Today is the official release of Alcestis in paperback!
In the year since the hardback release, I’ve:
- had a book launch party (photos here)
- read at a college
- read in Ashland, Oregon, met with a book club there, and filmed an interview/reading with a local book TV program
- read at Wiscon
- read at ArmadilloCon in Austin
- met a huge number of amazing writers on Twitter
- taught an intensive summer fiction workshop at the University of Texas
- spoke to a UT honors class after they read the book
- learned that the book will be available in a Turkish edition and in audiobook form from Iambik
- led a discussion about the book in the Blanton Museum, for their book club
- written a bunch of blog posts for other sites, including the always fabulous Hipster Book Club and Small Beer’s Not a Journal (see the Alcestis page for more guest blog posts, interview, and reviews from sites like Open Letters Monthly and Lambda Literary)
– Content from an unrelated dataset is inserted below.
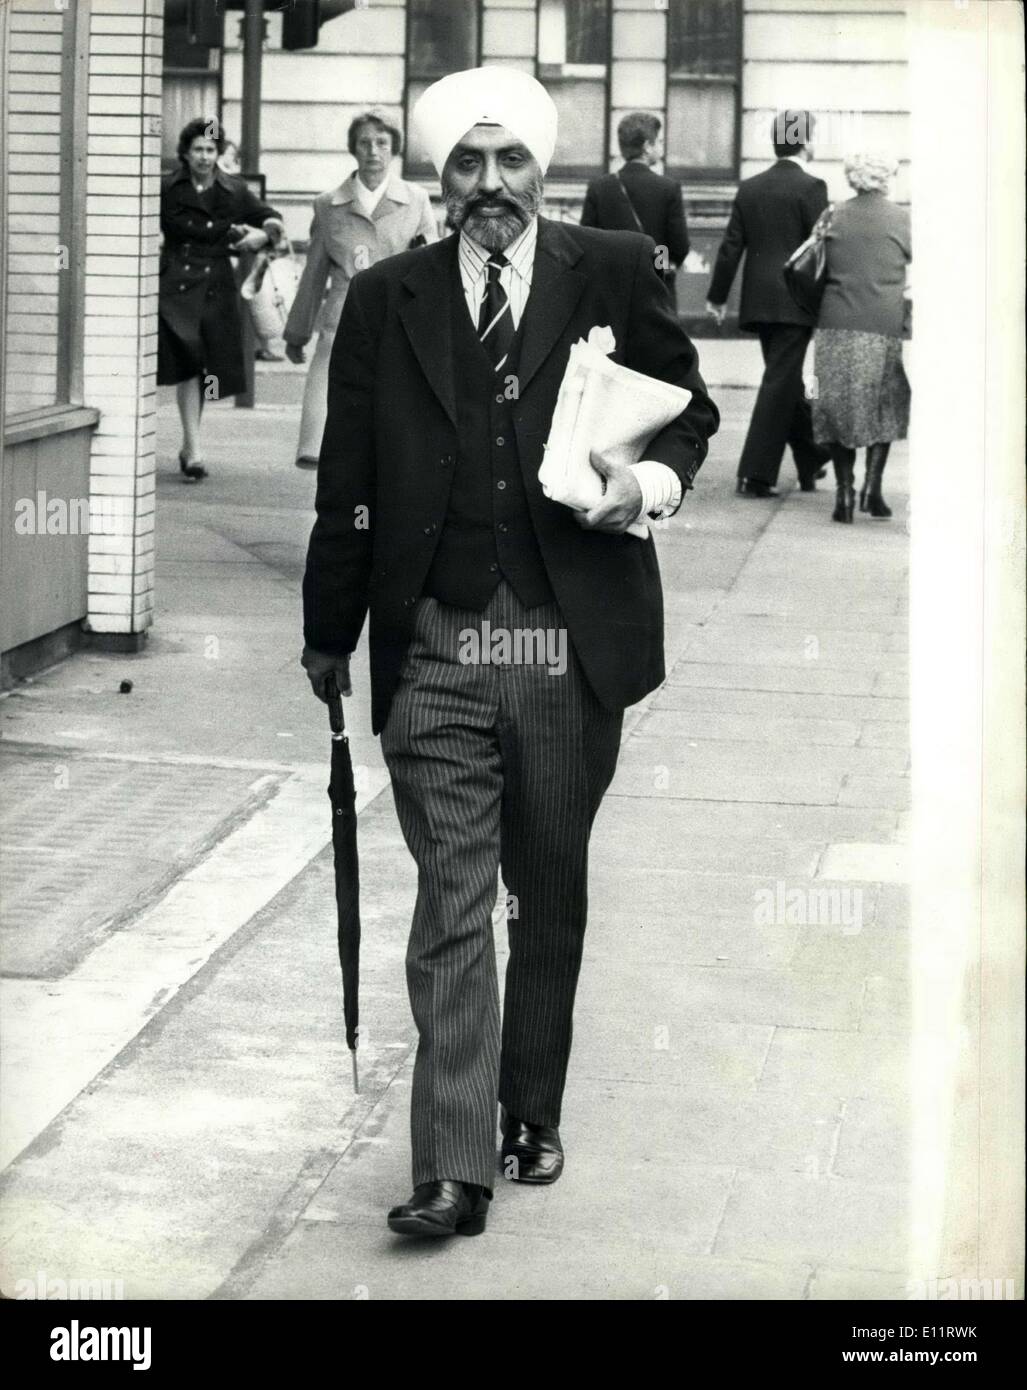 16. Oktober 1979 - Großbritanniens erster Sikh Richter Herr Recorder Mota Singh, hat QC nur als Großbritanniens ersten Sikh Richter-in der Tat, der erste Einwanderer aus dem neuen Commonwealth zu Fuß auf die britische Justiz Leiter vereidigt worden. Und zum ersten Mal wird ein britischer Richter einen Turban statt eine Perücke tragen. Vor 49 Jahren in Nairobi geboren, ist er Produkt der asiatischen Mittelschicht Kenias. Foto zeigt: Herr Mota Singh zu Fuß in London gestern nur wie ein Typica; Englischer Gentleman. Stockfoto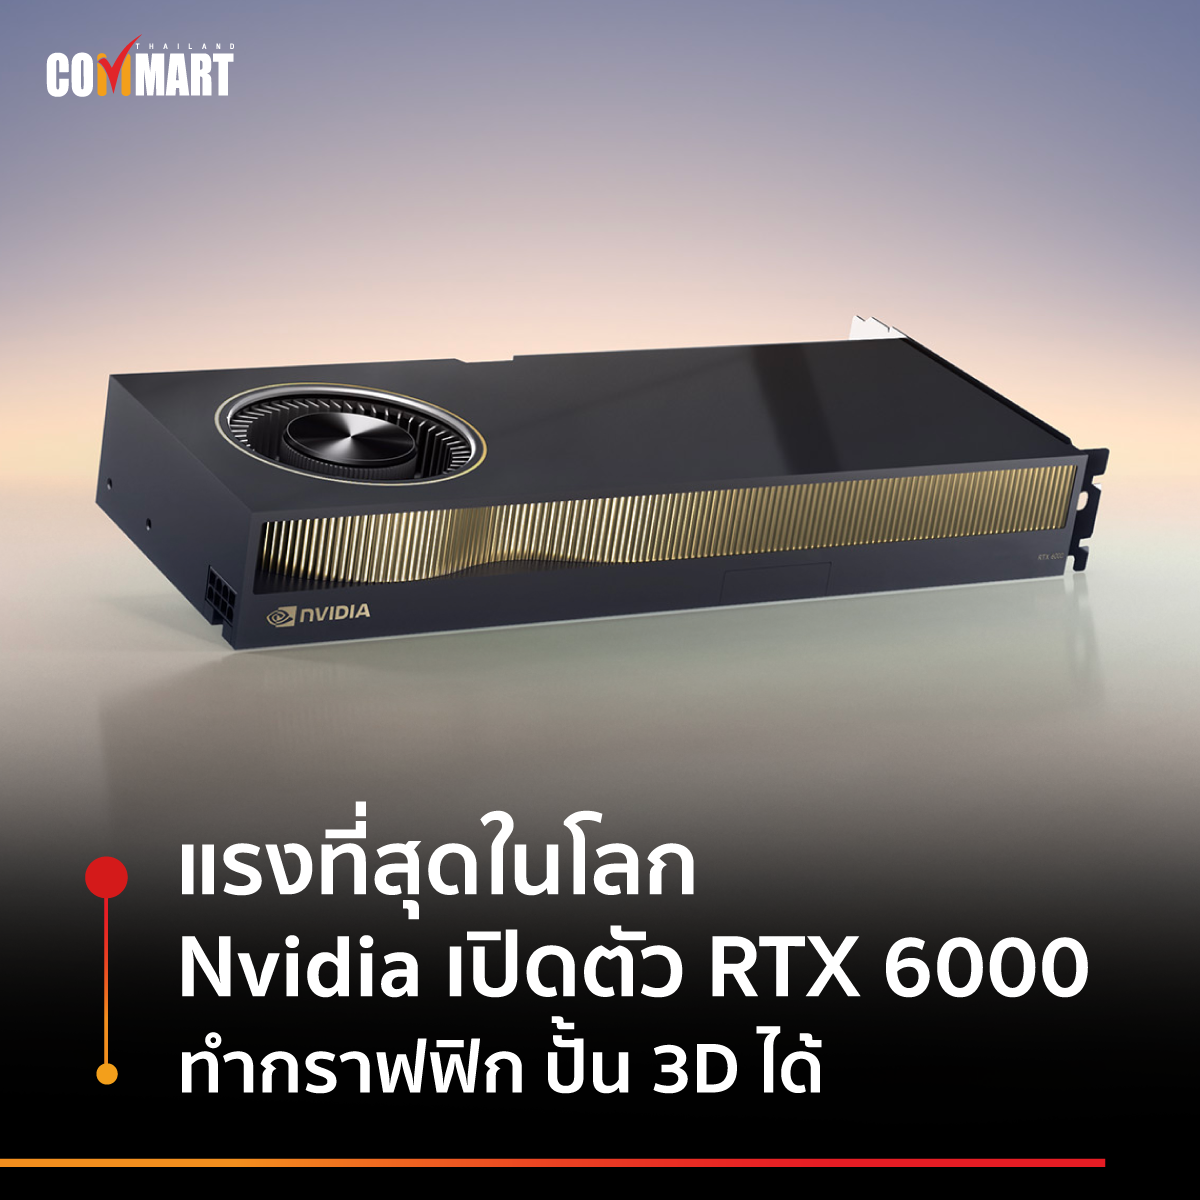 แรงที่สุดในโลก Nvidia เปิดตัว RTX 6000 ทำกราฟฟิก ปั้น 3D ได้

- written more blog posts here than I ever expected to!
I continue to be amazed that people want to read my book. I mean, obviously that’s what I hoped for when I wrote it, though I also wrote it because I wanted to read it. But the fact of the book being in the world, of going into a room for a book club meeting and seeing fifteen people who have all spent at least a few hours of their lives reading something I wrote and are now eager to talk about it — there’s nothing quite like it. Thanks to my time as an English grad student, I’m well aware of just how far back the English-language literary tradition stretches, and how very many books have been produced since print became widespread. I like knowing that Alcestis is among them, and that it’s reached some readers who have really enjoyed it. I hope the paperback edition will allow it to reach even more.
The book is available in paperback via IndieBound, Amazon, B&N, Chapters/Indigo, Powell’s, Borders.com — and of course it’s still available in hardback and ebook form on those sites, too. If you buy and read the book, please do take the time to leave a review on the site where you bought it and/or at Goodreads, if you can. It means a lot to me and will especially mean a lot to other potential readers who want to know what you thought of the book.
Congratulations! Any book birthday is a good day. 😉
Thanks, Nephele!
Kate, you also made progress on your dissertation. (I was wondering if the stuff you mentioned was supposed to be related to Alcestis, but some of them overlapped with other stuff, so maybe that could be added).